== Exercise ==
Restate word for word the lines below from the one that has "Low-Rise Seamless Panties" through the one that has "Brie Mine? - Personalized", keeping both and dropping all pictures.

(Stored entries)

◆ ◆ ◆ ◆ ◆ ◆ ◆

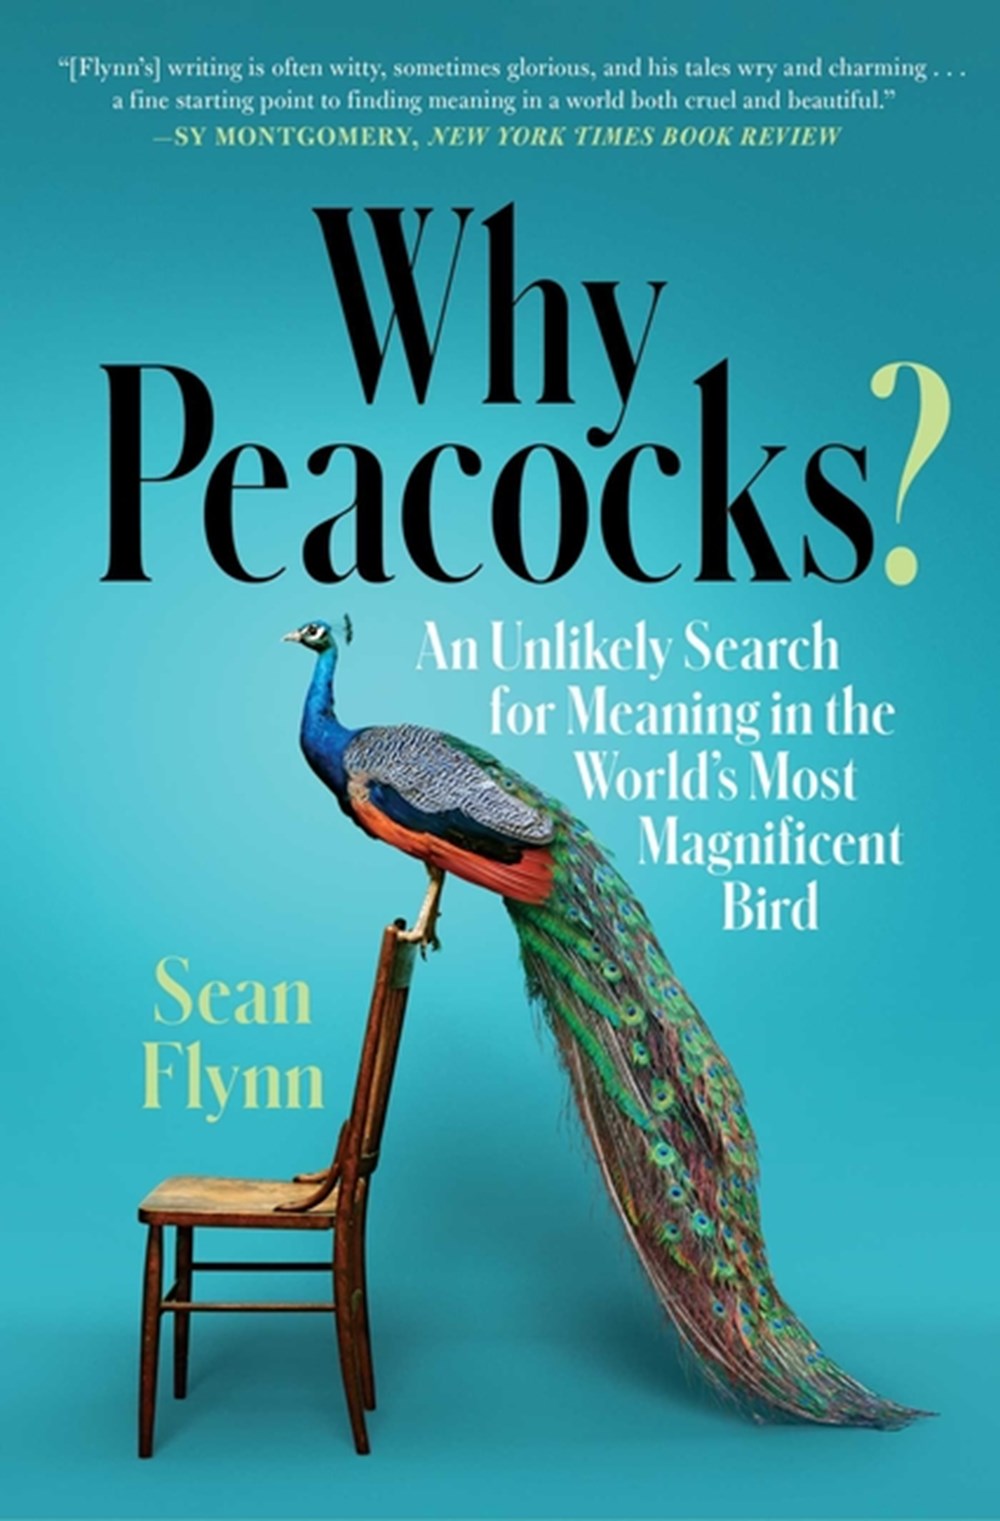 Why Peacocks? An Unlikely Search for Meaning in the World's Most Magnificent Bird
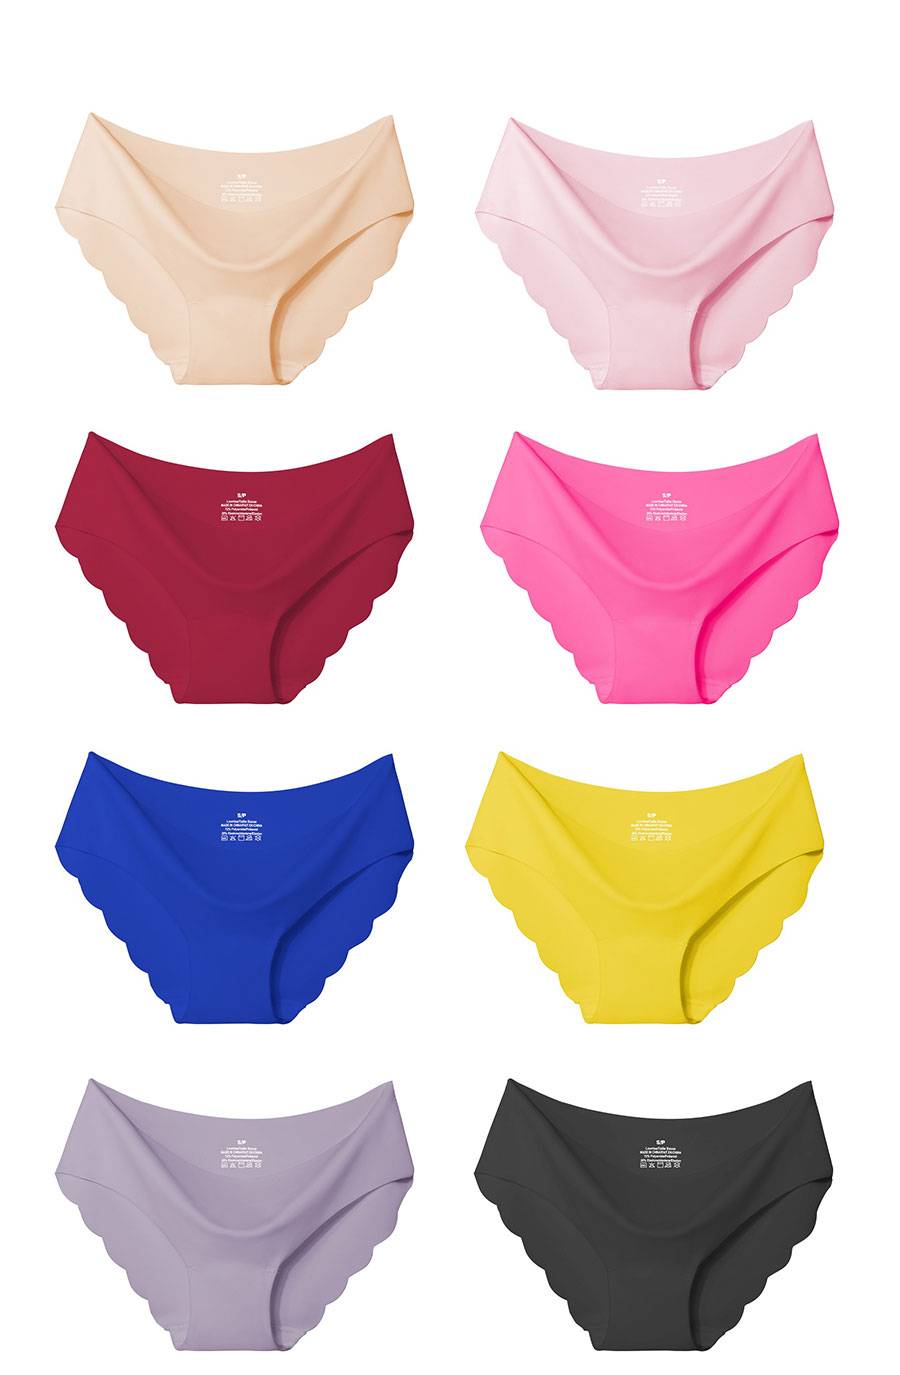 Low-Rise Seamless Panties Set - 3 Pcs - Kawaii Stop - Bamboo, Briefs, Cotton, Cute, Fiber, Intimates, Low-Rise, Modal, Nylon, Panties, Panty, Ruffles, Sexy, Sexy Lingerie, Sexy Products, Solid, Spandex, Underwear, Women's, Women's Clothing &amp; Accessories
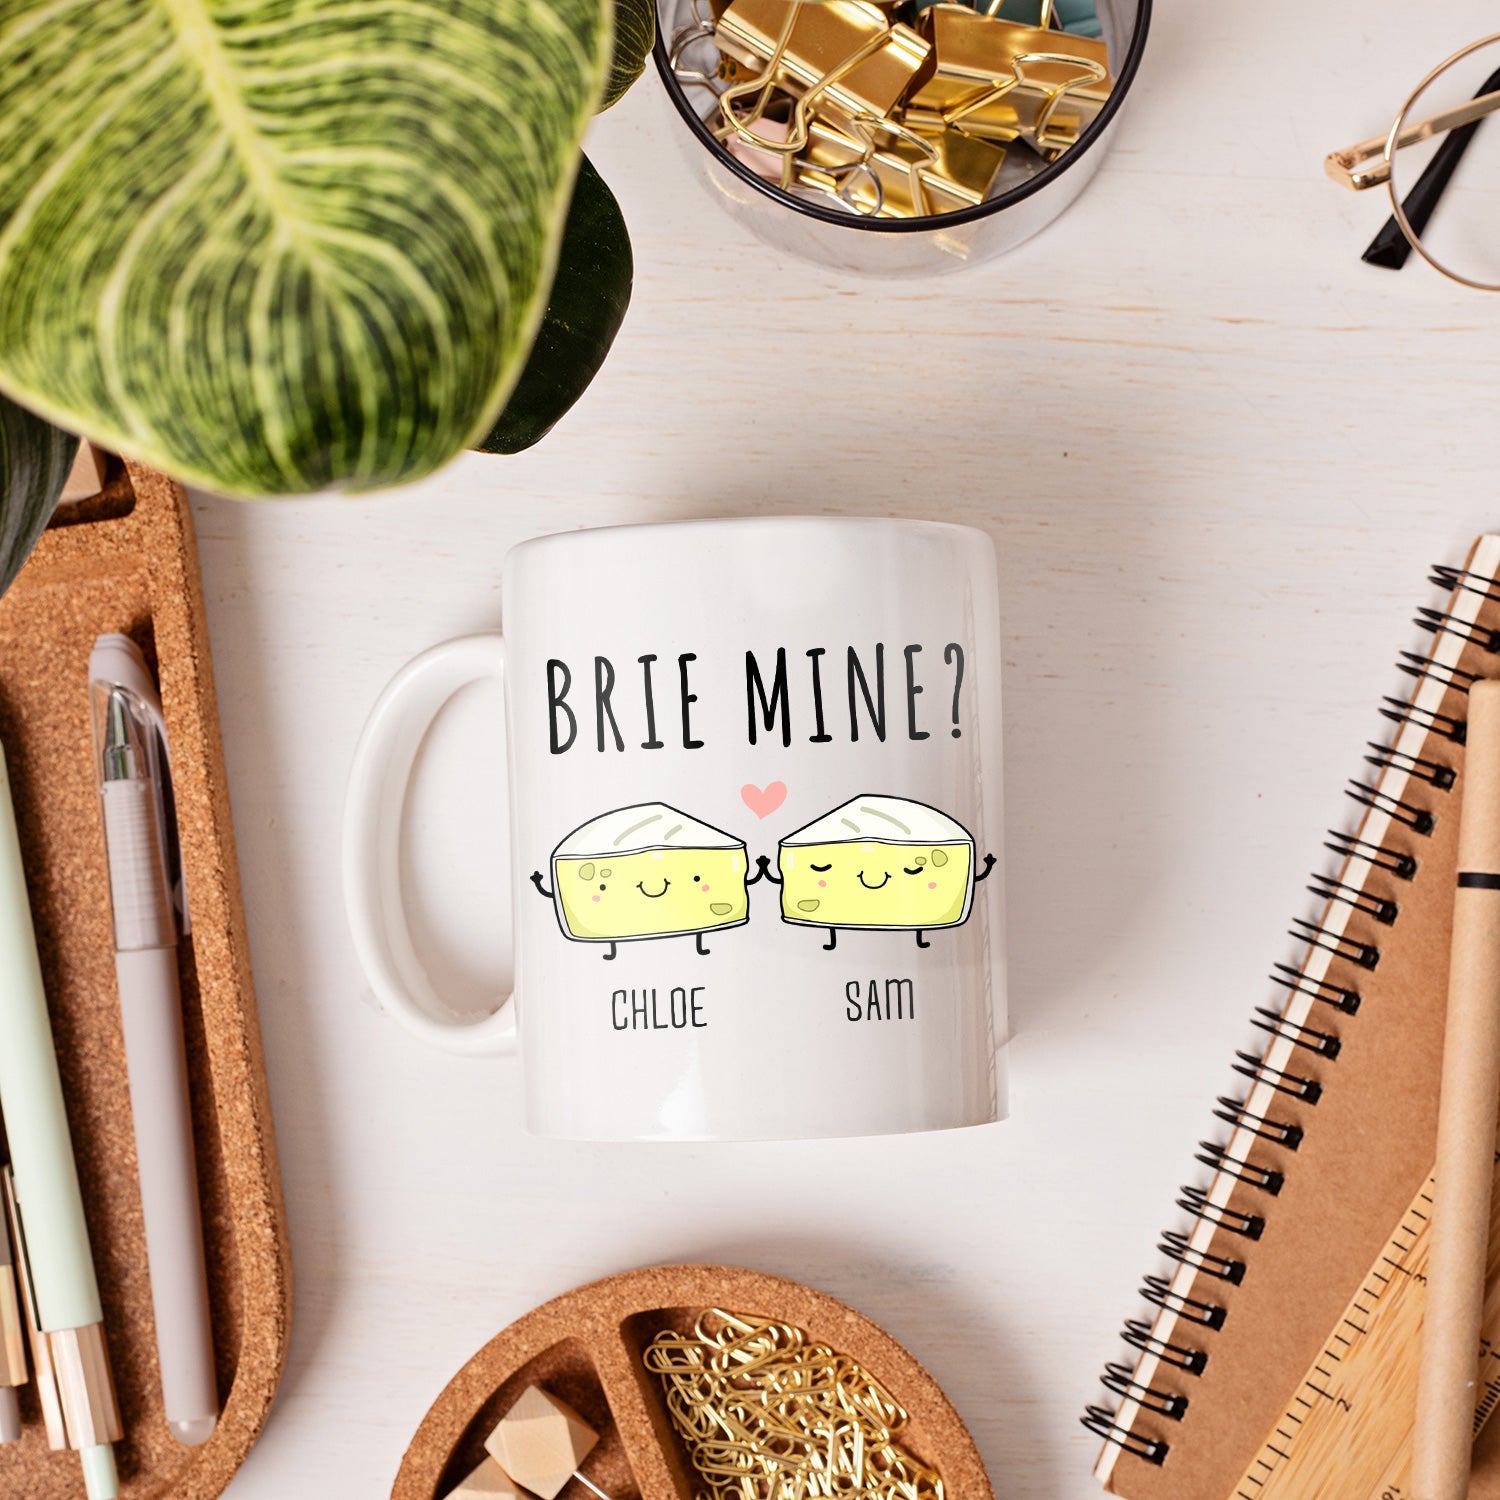 Brie Mine? - Personalized Anniversary, Valentine's Day, Birthday or Christmas gift For Him or Her - Custom Mug - MyMindfulGifts
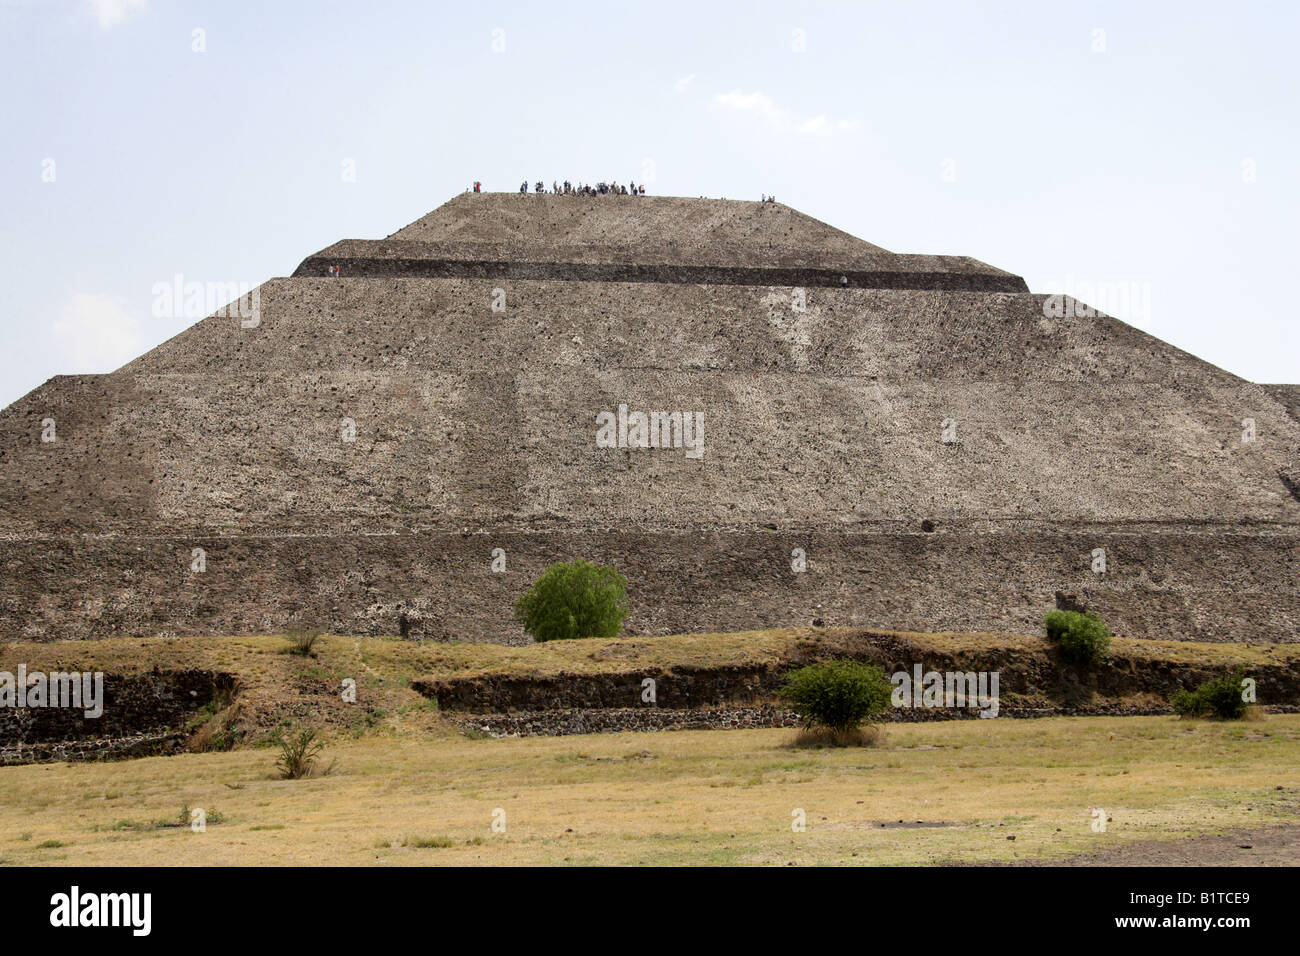 The Pyramid of the Sun, Teotihuacan, Mexico World Heritage Site. Stock Photo
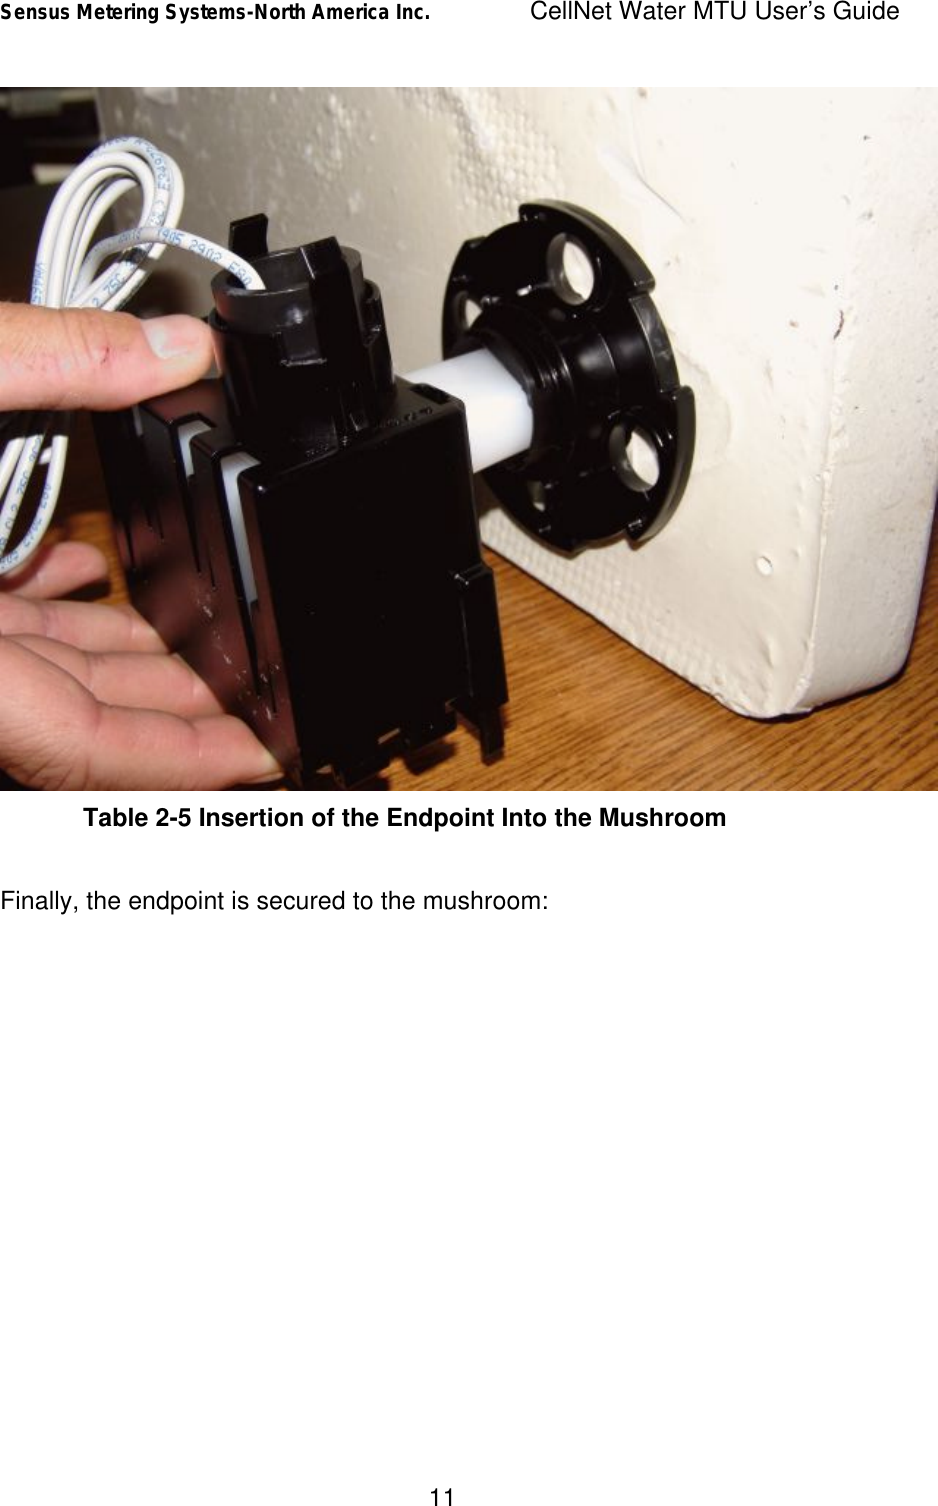 Sensus Metering Systems-North America Inc.    CellNet Water MTU User’s Guide 11  Table 2-5 Insertion of the Endpoint Into the Mushroom  Finally, the endpoint is secured to the mushroom:

◆ ◆ ◆ ◆ ◆ ◆ ◆

== Exercise output ==
 Low-Rise Seamless Panties Set - 3 Pcs - Kawaii Stop - Bamboo, Briefs, Cotton, Cute, Fiber, Intimates, Low-Rise, Modal, Nylon, Panties, Panty, Ruffles, Sexy, Sexy Lingerie, Sexy Products, Solid, Spandex, Underwear, Women's, Women's Clothing &amp; Accessories
 Brie Mine? - Personalized Anniversary, Valentine's Day, Birthday or Christmas gift For Him or Her - Custom Mug - MyMindfulGifts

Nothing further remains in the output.